I just spoke with Ruth Gregory, senior UK economist at Capital Economics, about the second-quarter growth figures.

She points out that the UK economy was hit by certain one-off factors in the second quarter of 2019. For example:

  • Brexit stockpiling boosted the economy at the start of the year, explaining why GDP rose by 0.5% in Q1.
  • Car plants shut down in April, in case of a no-deal Brexit, rather than in the summer

So while GDP fell by 0.2%, underlying growth was probably +0.2% [and underlying growth in Q1 was probably weaker].

She predicts that the UK economy will return to growth in the current quarter -- partly because of a second burst of stockpiling by companies worried about disruption after Brexit.

But if it’s a no-deal Brexit, Gregory fears the economy will contract in the fourth quarter of 2019 and the first quarter of 2020, putting Britain into a full-blown recession.

Updated

Although Canada’s economy beat forecasts in the last quarter, some analysts are concerned that domestic demand weakened (although the surge in exports made up for it).

The New York stock market has opened higher, following Europe’s lead.

The Dow Jones industrial average has gained 114 points, or 0.4%, on optimism that the US and China might make some progress in their ongoing trade dispute.

Traders are feeling more bullish after Beijing said yesterday it wouldn’t immediately retaliate to the latest US tariffs, on 15% of over $100bn of imports, which kick in on Sunday.

Britain’s growth rate looks less disastrous if you take a longer-term view, though.

The UK economy grew by 1.2% in Q2 2019 compared to a year earlier, the ONS reported earlier this month.

That’s pretty sluggish, but better than Germany’s 0.4% year-on-year growth, or the 0.1% y/y contraction suffered by Italy.

UK falls to bottom of G7 growth league

We now know for sure that Britain was the weakest-performing major advanced economy in the second quarter of 2019.

Canada’s GDP report completes the set of growth figures from the members of the G7, leaving the UK as the worst performer.

Both the UK and Germany are thus on the brink of recession -- and would suffer that indignity if their economies also shrink in the current quarter (July-September).

Britain’s economy suffered from a drop in manufacturing activity in the last quarter, as the boost from Brexit stockpiling earlier in the year unwound.

Germany, meanwhile, was hit by the US-China trade war which dented its exports and hurt factory orders.

Updated

Canada beats forecasts with 0.9% growth

Newsflash: Canada’s economy grew by 0.9% in the second quarter of the year, stronger than expected.

GDP figures just released show that growth accelerated strongly in April-June, following just 0.1% growth in both the previous two quarters.

Statistics Canada pointed to a rise in exports, including fuel, saying:

Exports of goods rose 3.7% in the second quarter, following declines in previous two quarters. The increase was led by energy products, which grew 5.9% after a 3.0% decline in the first quarter.

Exports of services rose 1.1%, maintaining the pace of the previous quarter. Import volumes declined 1.0%.

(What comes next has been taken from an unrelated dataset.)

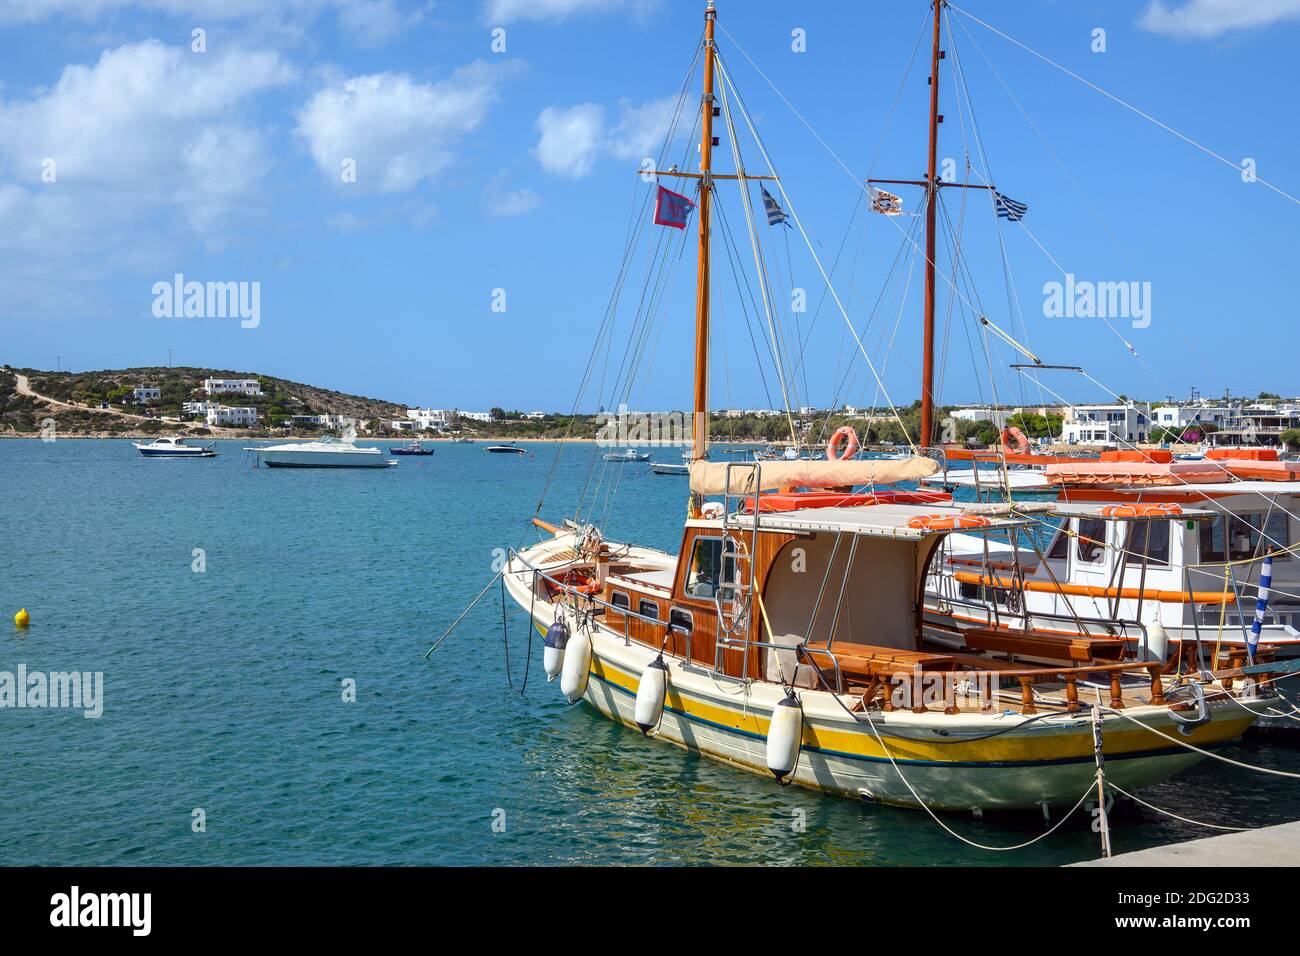 Bateaux de pêche dans le port d'Aliki. Aliki est un magnifique village côtier avec un port pittoresque sur l'île de Paros. Cyclades, Grèce Banque D'Images
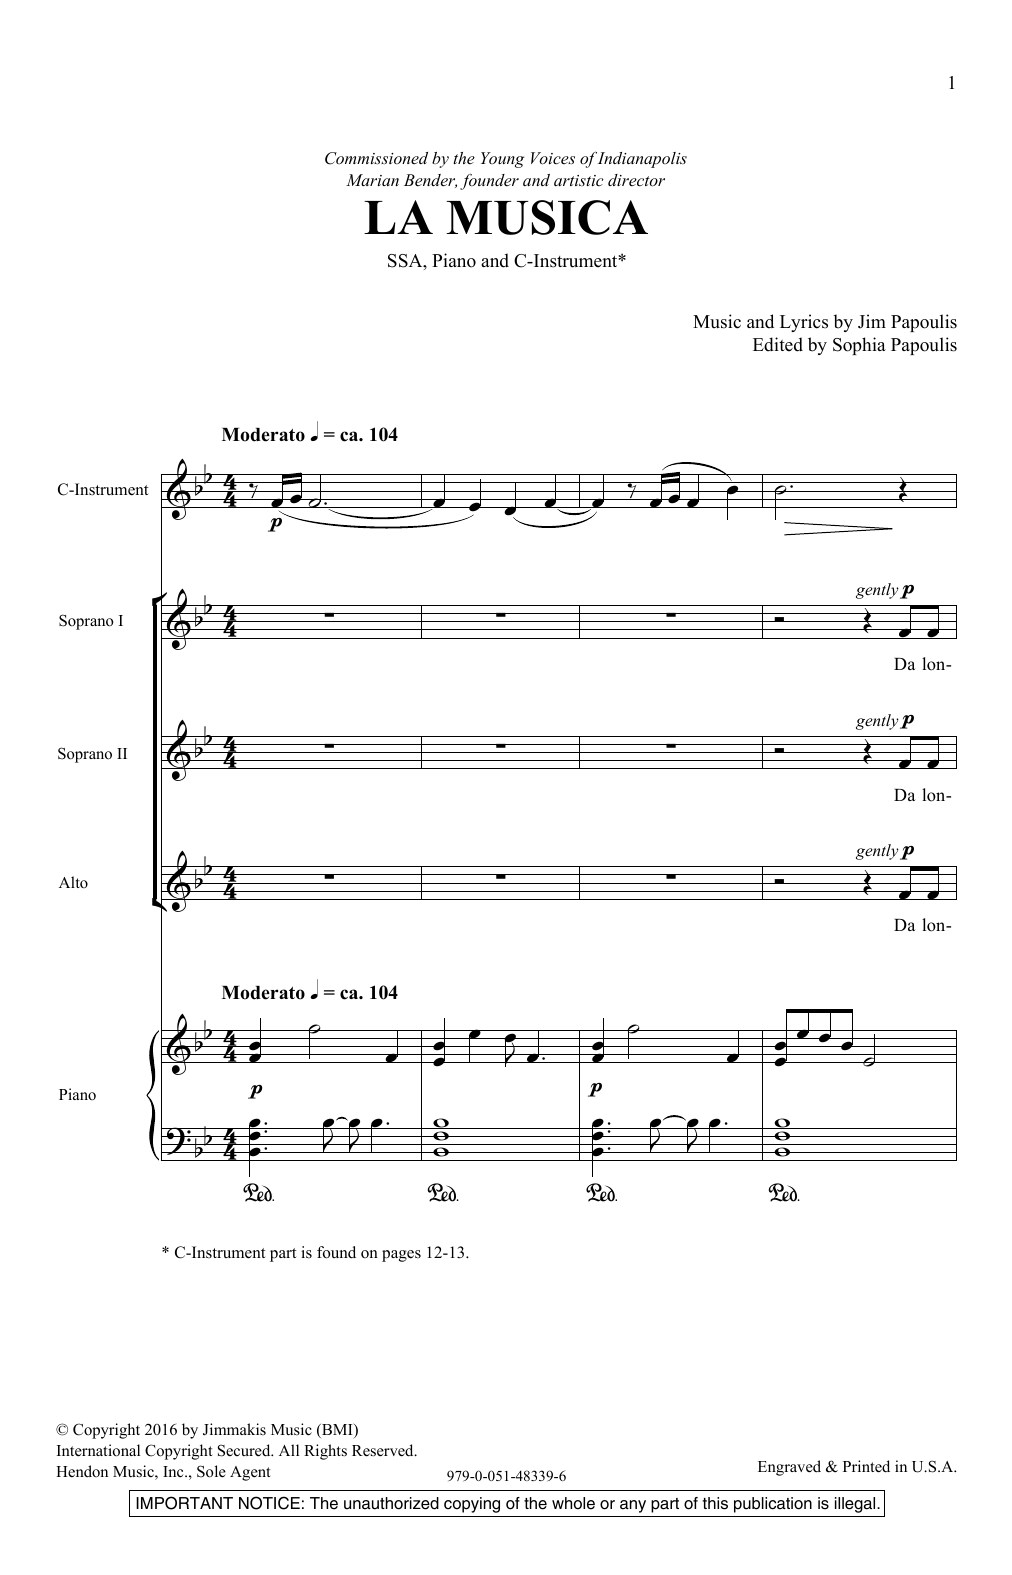 Download Jim Papoulis La Musica Sheet Music

This is the fastest quarterly growth in two years:

Trump: GM should move operations home

President Donald Trump has started the day with a blast at General Motors for cutting its US workforce and moving operations to China.

I think he’s referring to a Bloomberg report that GM has fewer union-represented US workers than Ford or Fiat Chrysler for the first time since the unions started organising 80 years ago.

The slowdown in consumer credit growth reported this morning comes as regulators clamp down on the sector.

Yesterday, Amigo Loans warned that it didn’t expect to grow its lending books this year, sending its shares sliding by over 50%.

Amigo targets people with poor credit ratings, who can find a friend or relative to guarantee the loan will be repaid. It lends at an average APR of 49.9% - rather higher than the Bank of England base rate of 0.75%.

Regulator are concerned about this sector, following an increase in the number of guarantors who are being asked to repay these debts. Some say they weren’t fully aware what they were signing up to....

Good news for Tesla! The electric self-driving car maker is being given an exemption from China’s auto purchase tax, according to reports.

That tax is currently 10%, so this could helpTesla break into the Chinese car marker.

Shares are up 3% in pre-market trading on Wall Street.

Eurozone inflation sticks at three-year low

Over in the eurozone, inflation remained stuck at its lowest level since 2016 this month, intensifying pressure on the European Central Bank to launch new stimulus measures.

Consumer prices only rose by 1% in August, Eurostat reports, matching July’s three-year low.

Falling energy prices pulled the cost of living down, while food and alcohol prices rose faster.

With inflation so far from the ECB’s target, economists expect the central bank to cut the interest rates it pays commercial banks deeper into negative territory -- from -0.4% to -0.5%.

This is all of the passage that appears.